Hal tersebut disampaikannya saat menghadiri kegiatan Gerakan Relawan Kebajikan Pancasila yang diselenggarakan Komisi XIII DPR RI bekerja sama dengan Badan Pembinaan Ideologi Pancasila (BPIP) di Aula Kantor Bupati Kubu Raya, Jumat (11/9/2026).
Sukiryanto mengatakan, keberadaan relawan Pancasila semakin penting di tengah perubahan lingkungan sosial yang berlangsung begitu cepat. Terlebih, generasi muda membutuhkan figur sekaligus agen perubahan yang mampu menerjemahkan nilai-nilai Pancasila secara relevan, inklusif, dan dekat dengan kehidupan masyarakat.
“Bagi kami masyarakat Kubu Raya, Pancasila bukan sekadar teks yang hanya bisa dihafal, tetapi nilai kebajikan yang harus terus dihidupkan dalam kehidupan masyarakat sehari-hari,” ujarnya.
Ia menilai perkembangan media sosial menghadirkan tantangan tersendiri. Berbagai informasi dapat menyebar dalam waktu singkat, sementara kebenarannya belum tentu dapat dipastikan. Bahkan, tidak sedikit konten yang memuat fitnah, provokasi maupun informasi yang berpotensi menyesatkan masyarakat.
Karena itu, Sukiryanto berharap para relawan yang telah memperoleh pemahaman mengenai Pancasila dapat berperan sebagai penyaring informasi sekaligus memberikan teladan dalam menggunakan media sosial secara bijak.
“Kalau masyarakat bisa memilih mana media sosial yang menjerumuskan dan mana yang memberikan manfaat, kemudian informasi yang mengandung fitnah bisa kita hindari, maka media sosial akan menjadi sesuatu yang positif bagi anak-anak kita, bangsa kita, dan daerah kita,” katanya.
Sukiryanto juga berpesan agar para relawan tidak berhenti pada pemahaman Pancasila secara konseptual.

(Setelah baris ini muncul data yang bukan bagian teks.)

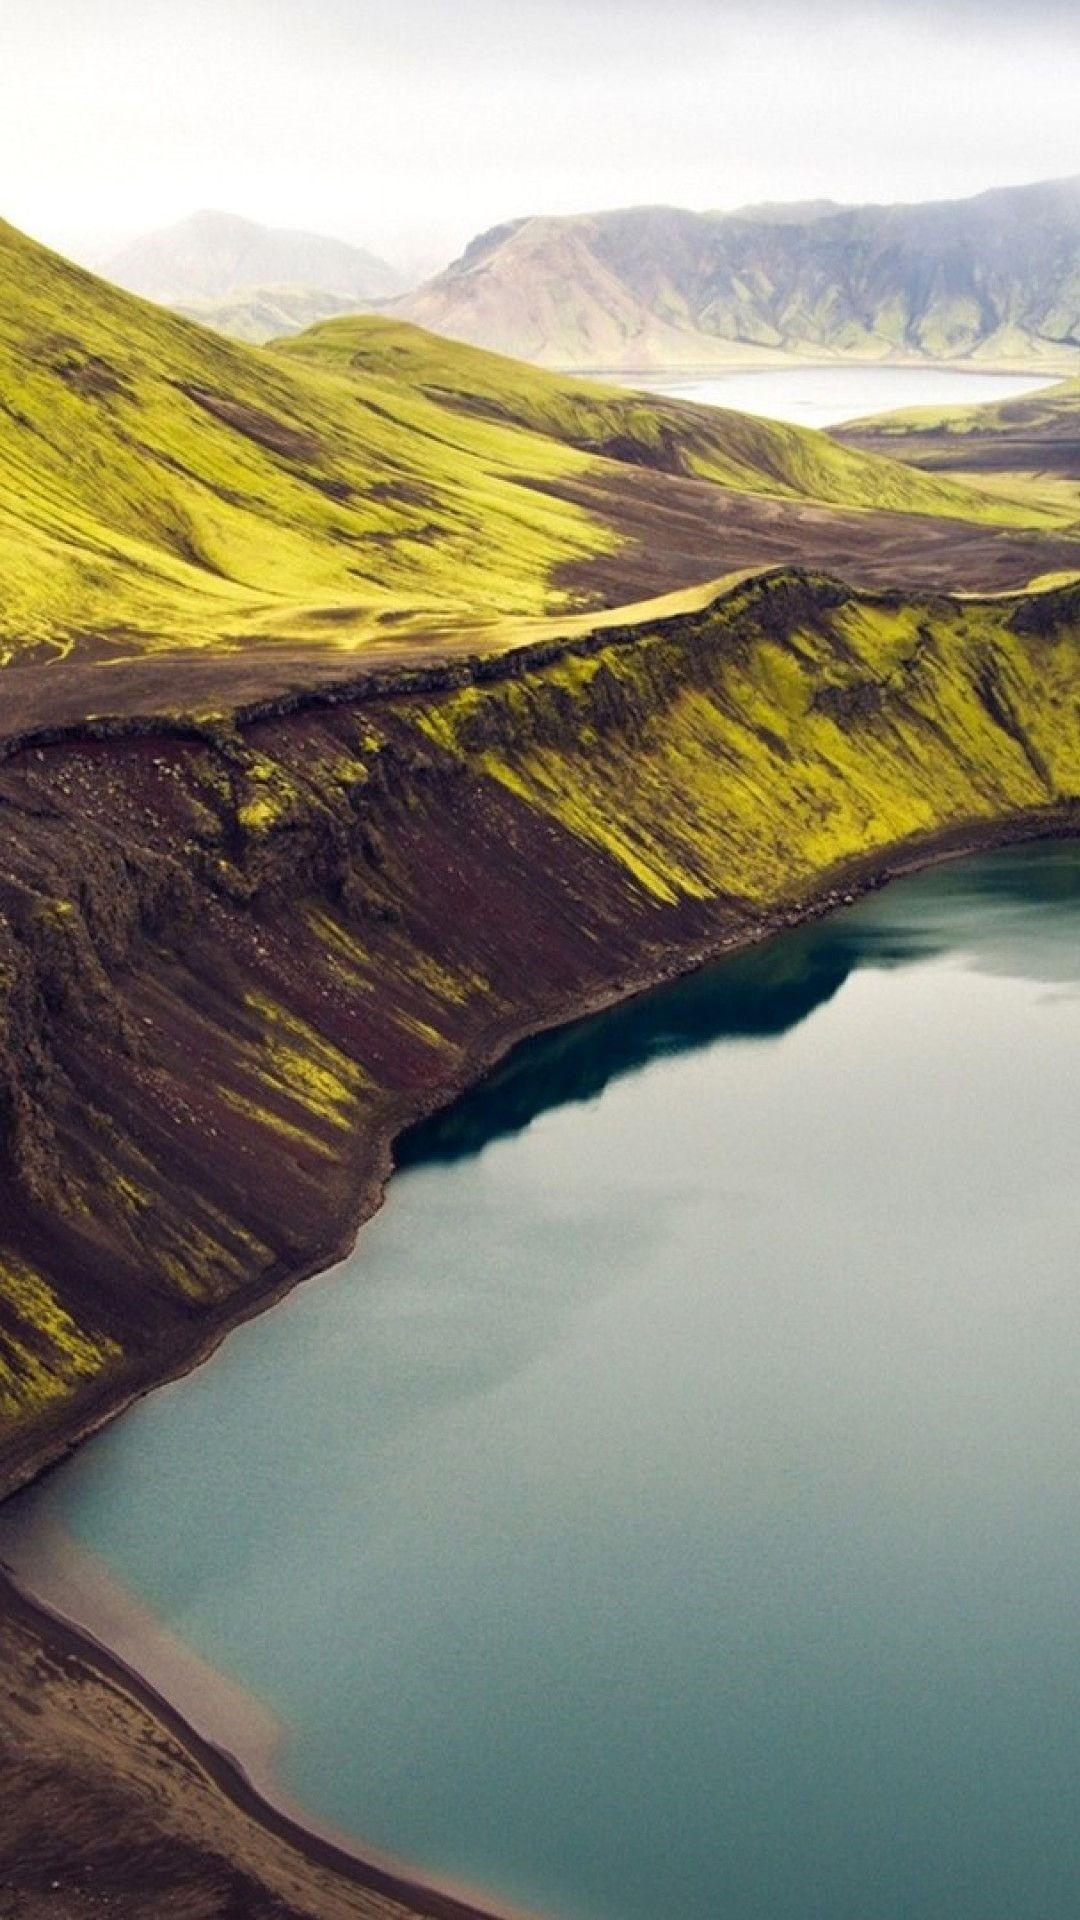 Iceland screensaver wallpaper
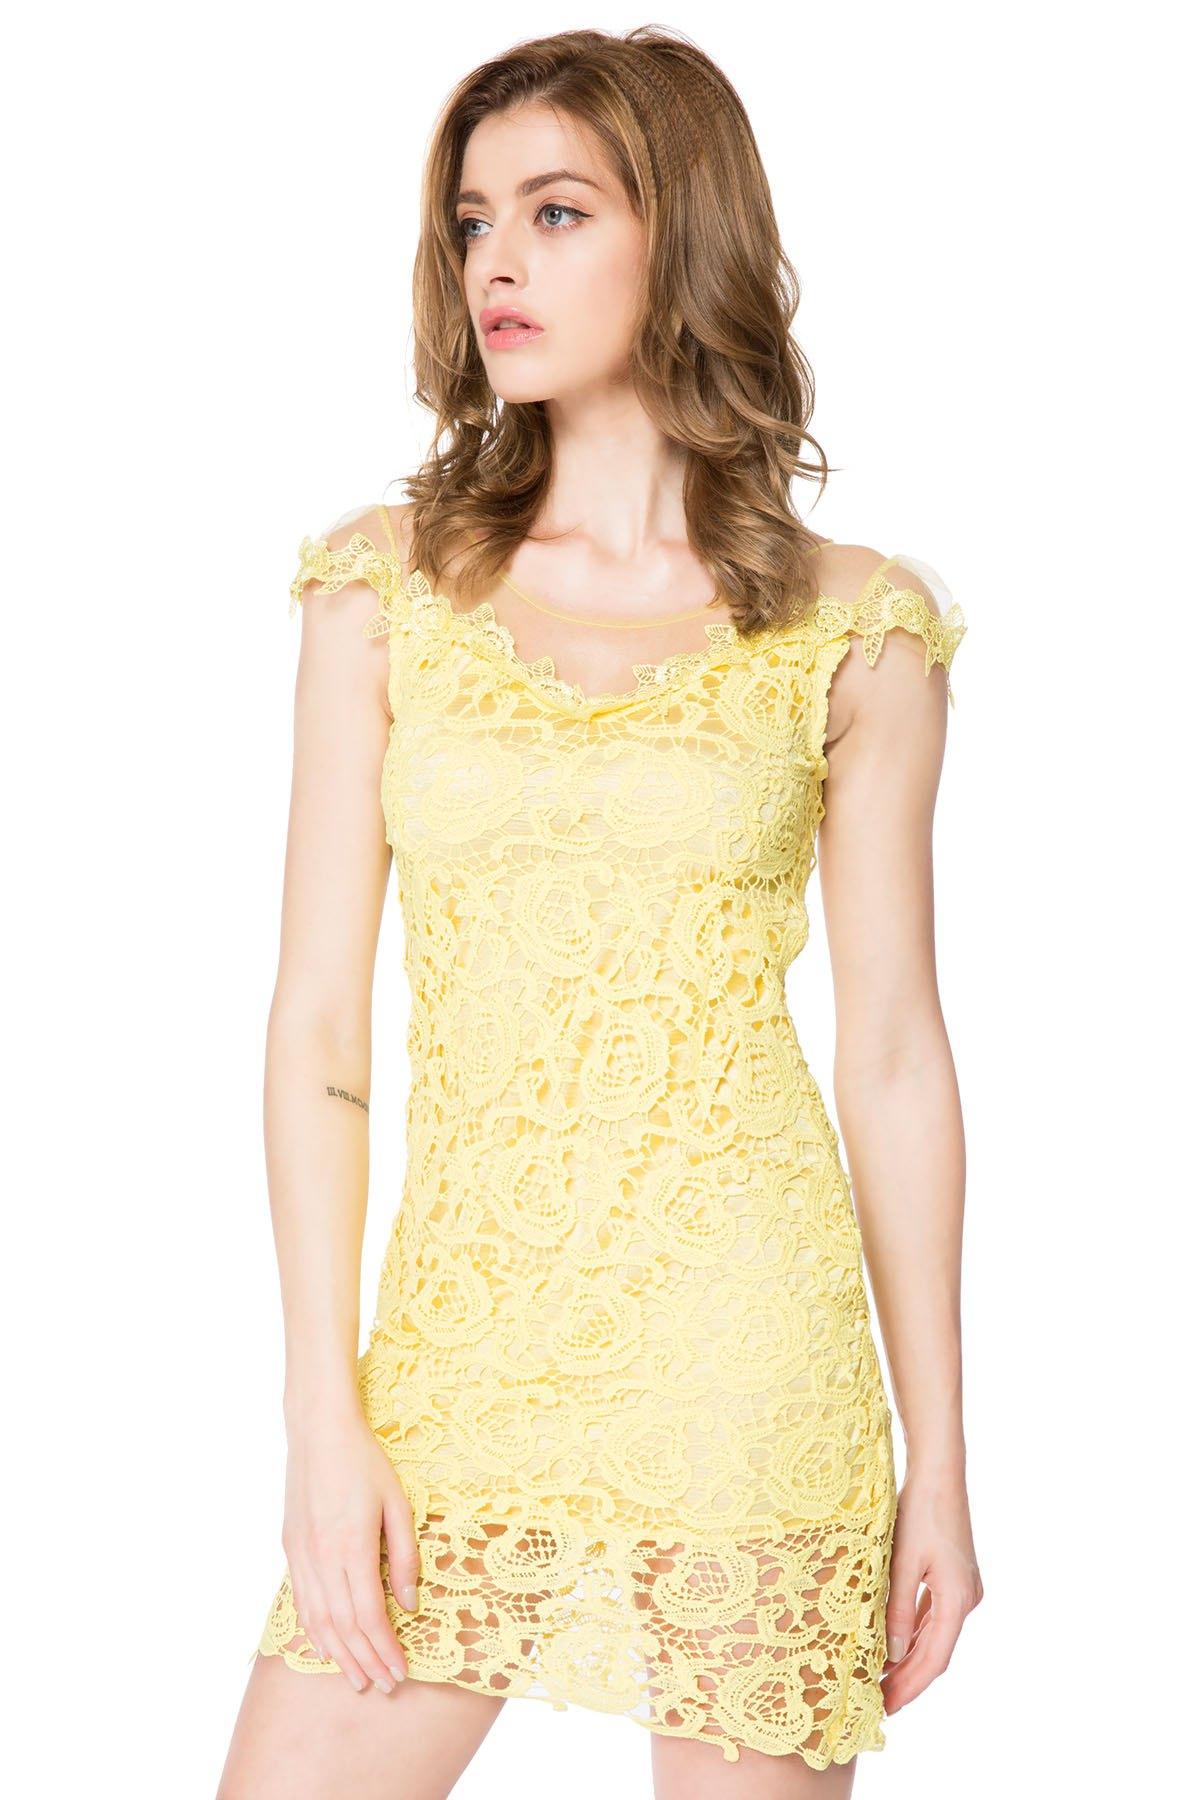 Vestido corto mujer amarilla por solo 5.18 EUR

Nilai-nilai tersebut harus diwujudkan melalui tindakan nyata, seperti kepedulian sosial, keadilan, toleransi serta semangat menjaga persatuan di tengah masyarakat.
“Jadilah teladan di tengah masyarakat. Tunjukkan bahwa kebajikan Pancasila itu nyata, hadir dalam bentuk kepedulian sosial, keadilan bagi sesama, dan persatuan masyarakat yang kokoh,” pesannya.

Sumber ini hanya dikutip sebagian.